1. Natural Air Cooling and Forced Air Cooling
In PCB design for switching power supplies, two common cooling methods are natural air cooling and forced air cooling. For natural air cooling, heat sinks should be installed with their fins oriented vertically. If feasible, add several ventilation holes around the heat sink’s mounting area on the PCB to enhance air convection. Forced air cooling employs a fan to drive air convection, so the design of the air duct should align the heat sink’s fins with the fan’s exhaust direction. Near the exhaust fan, the thermal resistance of the heat sink is detailed in the table.
2. Metal PCB Board With the miniaturization of switching power supplies, surface-mount components are now widely used in crystal production, making it challenging to install heat sinks on power devices. The primary solution to this issue is employing metal PCB boards as the support for power devices. These boards include aluminum-based, iron-based, and copper-clad types. Their heat dissipation performance significantly surpasses that of traditional PCBs, allowing for SIVD element mounting. Additionally, copper core PCBs feature a copper plate insulation layer within the substrate, using high thermal conductivity epoxy glass fiber cloth adhesive or epoxy resin. They enable SMD components to be mounted on both sides, with high-power SMD components having their heat sinks directly welded to the metal PCB, utilizing the metal plate for heat dissipation.

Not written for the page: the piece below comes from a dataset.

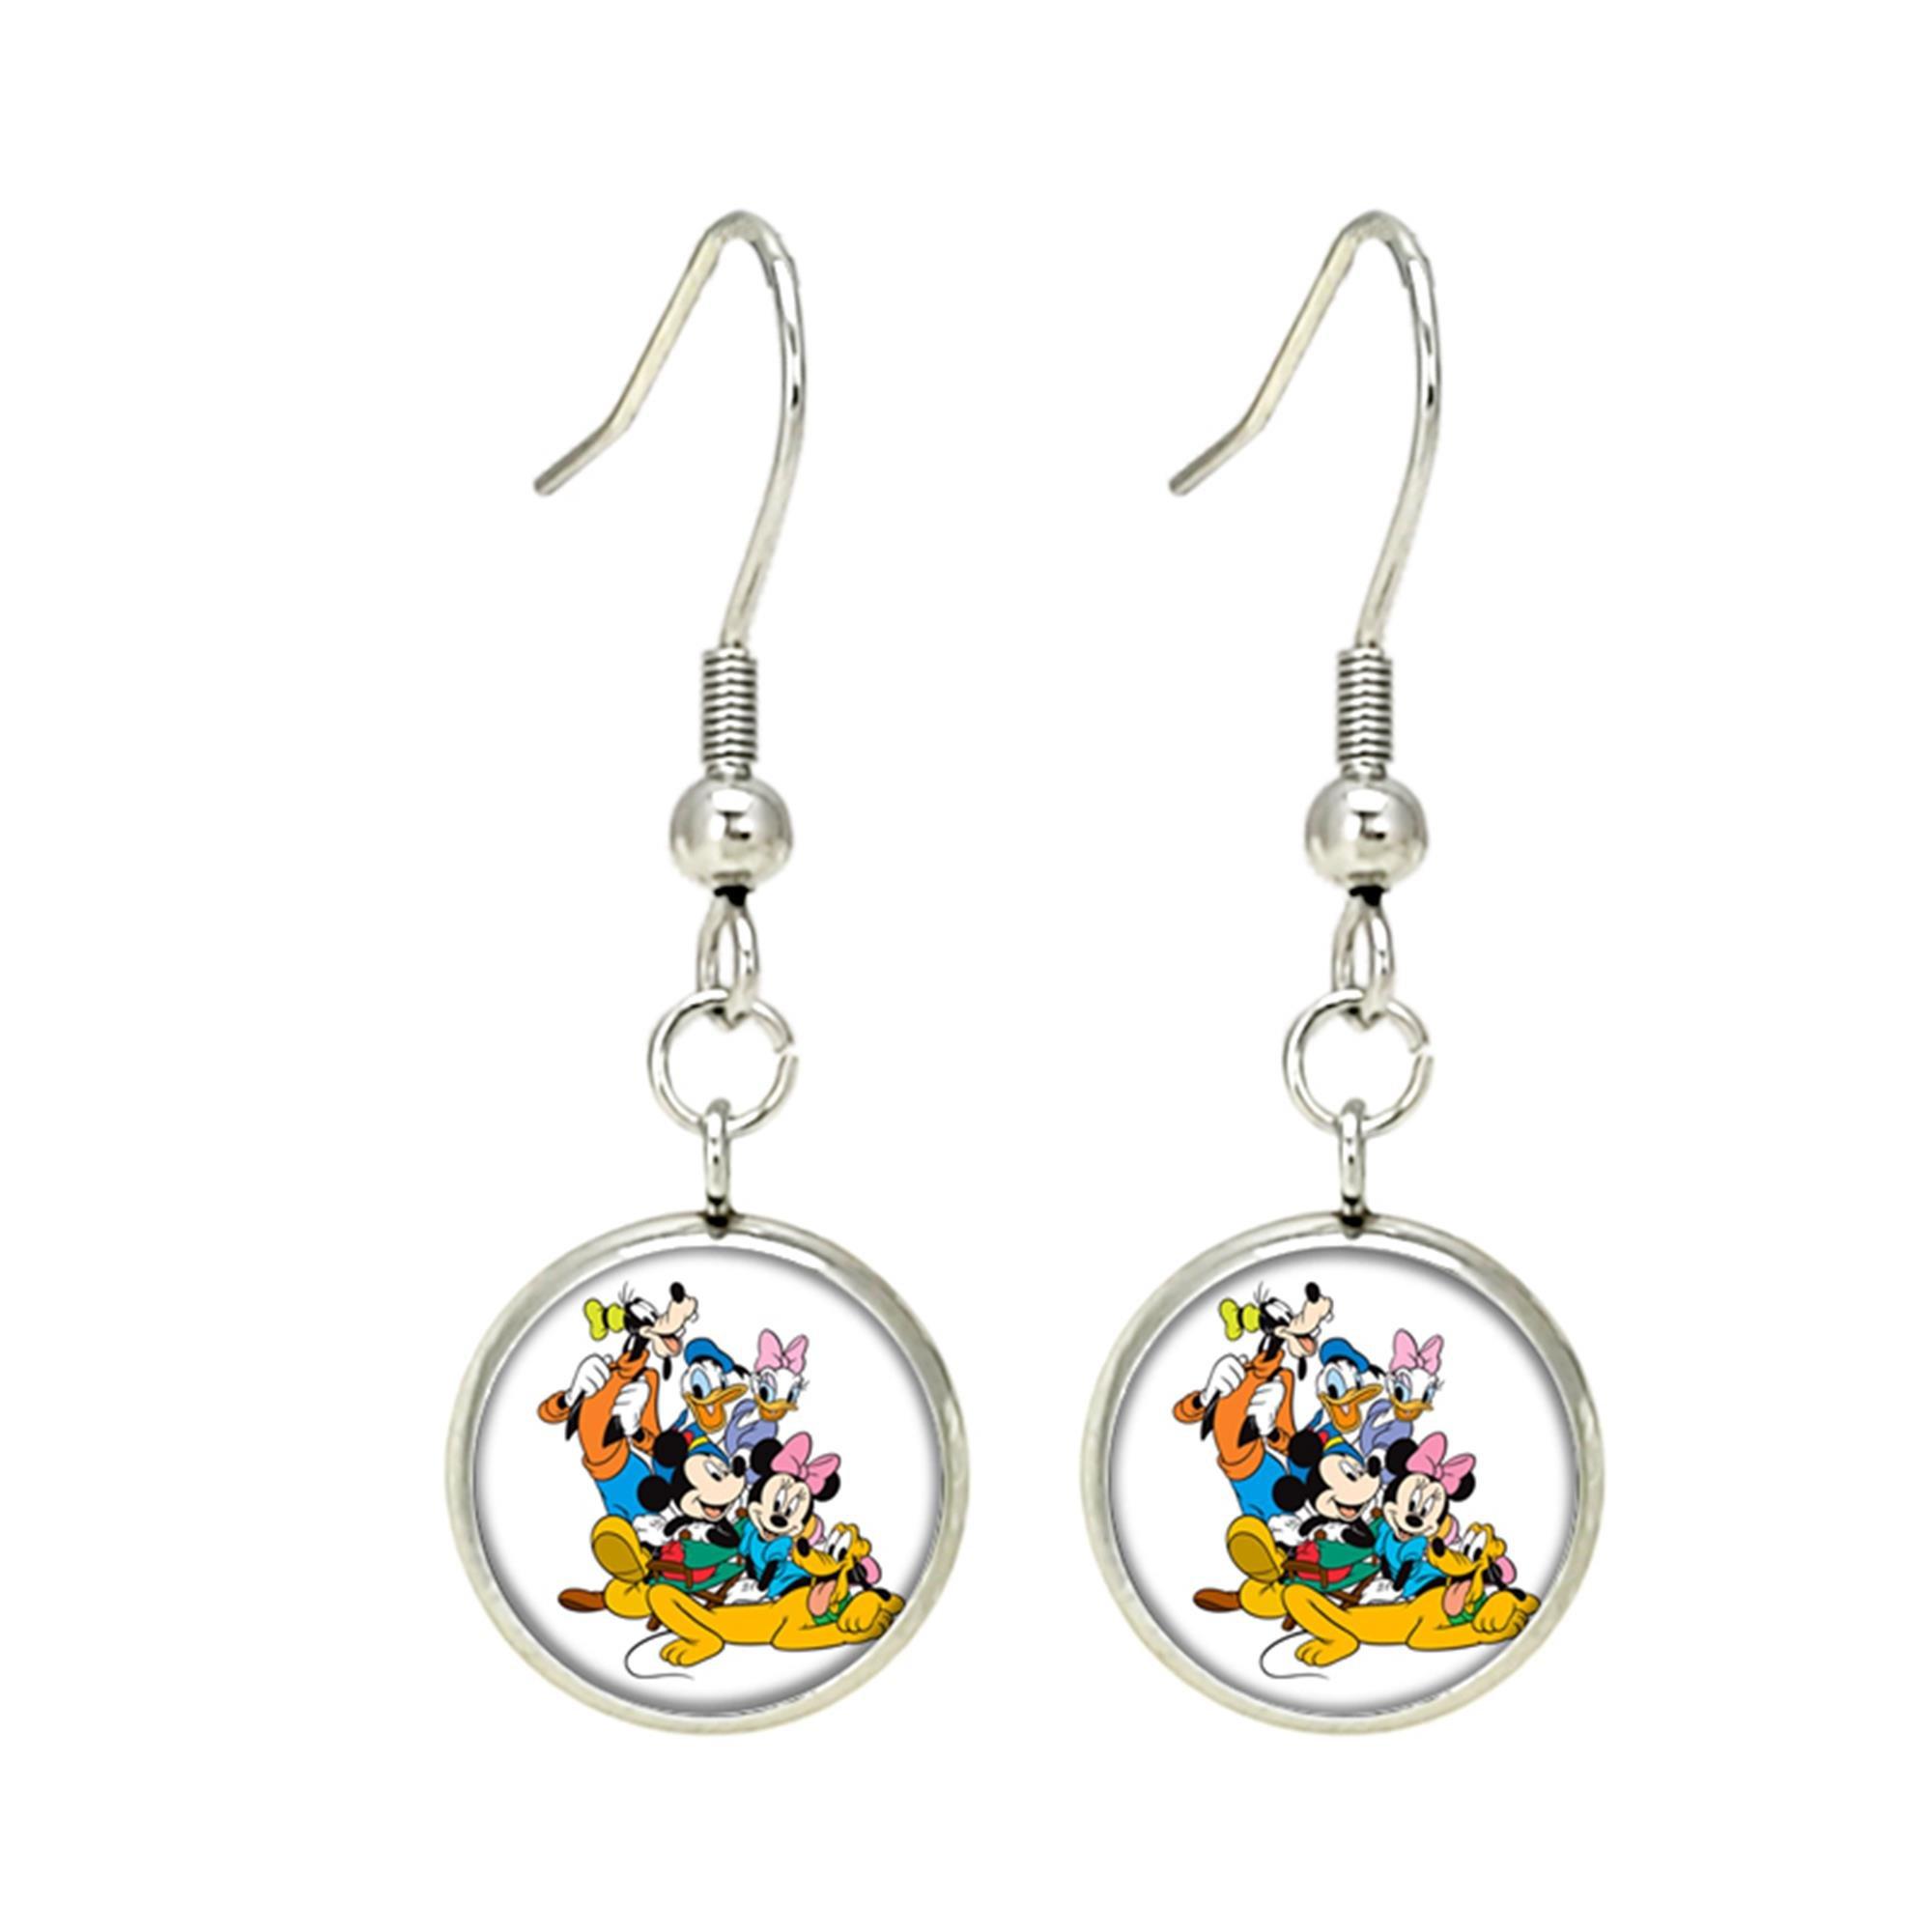 Mickey Mouse Disney Dangle Earrings TV Movies Classic Cartoons Superhero Logo Theme Minnie Donald Daisy Goofy Pluto Premium Quality Detailed Cosplay Jewelry Gift Series

3. Arrangement of Heating Elements The primary heating elements in switching power supplies include high-power semiconductor devices, their radiators, power conversion transformers, and high-power resistors. For optimal layout, arrange these elements from smallest to largest based on heat generation. Devices with lower calorific values should be positioned higher up in the air duct’s wind direction, while those with higher heat generation should be closer to the exhaust fan. To enhance production efficiency, multiple power devices are often fixed on a single large heat sink, which should be placed as close to the PCB edge as possible, maintaining a distance of at least 1 cm from the enclosure or other components. If several large heat sinks are present on one board, they should be aligned parallel to each other and the air duct’s wind direction. In vertical arrangements, place less heat-generating devices in lower layers and those with higher heat output higher up. Ensure that heat-generating components are positioned as far as possible from temperature-sensitive components, like electrolytic capacitors, in the PCB layout.
In PCB design for switching power supplies, two common cooling methods are natural air cooling and forced air cooling. For natural air cooling, heat sinks should be installed with their fins oriented vertically. If feasible, add several ventilation holes around the heat sink’s mounting area on the PCB to enhance air convection. Forced air cooling employs a fan to drive air convection, so the design of the air duct should align the heat sink’s fins with the fan’s exhaust direction. Near the exhaust fan, the thermal resistance of the heat sink is detailed in the table.
2. Metal PCB Board With the miniaturization of switching power supplies, surface-mount components are now widely used in crystal production, making it challenging to install heat sinks on power devices. The primary solution to this issue is employing metal PCB boards as the support for power devices. These boards include aluminum-based, iron-based, and copper-clad types. Their heat dissipation performance significantly surpasses that of traditional PCBs, allowing for SIVD element mounting. Additionally, copper core PCBs feature a copper plate insulation layer within the substrate, using high thermal conductivity epoxy glass fiber cloth adhesive or epoxy resin. They enable SMD components to be mounted on both sides, with high-power SMD components having their heat sinks directly welded to the metal PCB, utilizing the metal plate for heat dissipation.
3. Arrangement of Heating Elements The primary heating elements in switching power supplies include high-power semiconductor devices, their radiators, power conversion transformers, and high-power resistors. For optimal layout, arrange these elements from smallest to largest based on heat generation. Devices with lower calorific values should be positioned higher up in the air duct’s wind direction, while those with higher heat generation should be closer to the exhaust fan. To enhance production efficiency, multiple power devices are often fixed on a single large heat sink, which should be placed as close to the PCB edge as possible, maintaining a distance of at least 1 cm from the enclosure or other components. If several large heat sinks are present on one board, they should be aligned parallel to each other and the air duct’s wind direction. In vertical arrangements, place less heat-generating devices in lower layers and those with higher heat output higher up. Ensure that heat-generating components are positioned as far as possible from temperature-sensitive components, like electrolytic capacitors, in the PCB layout.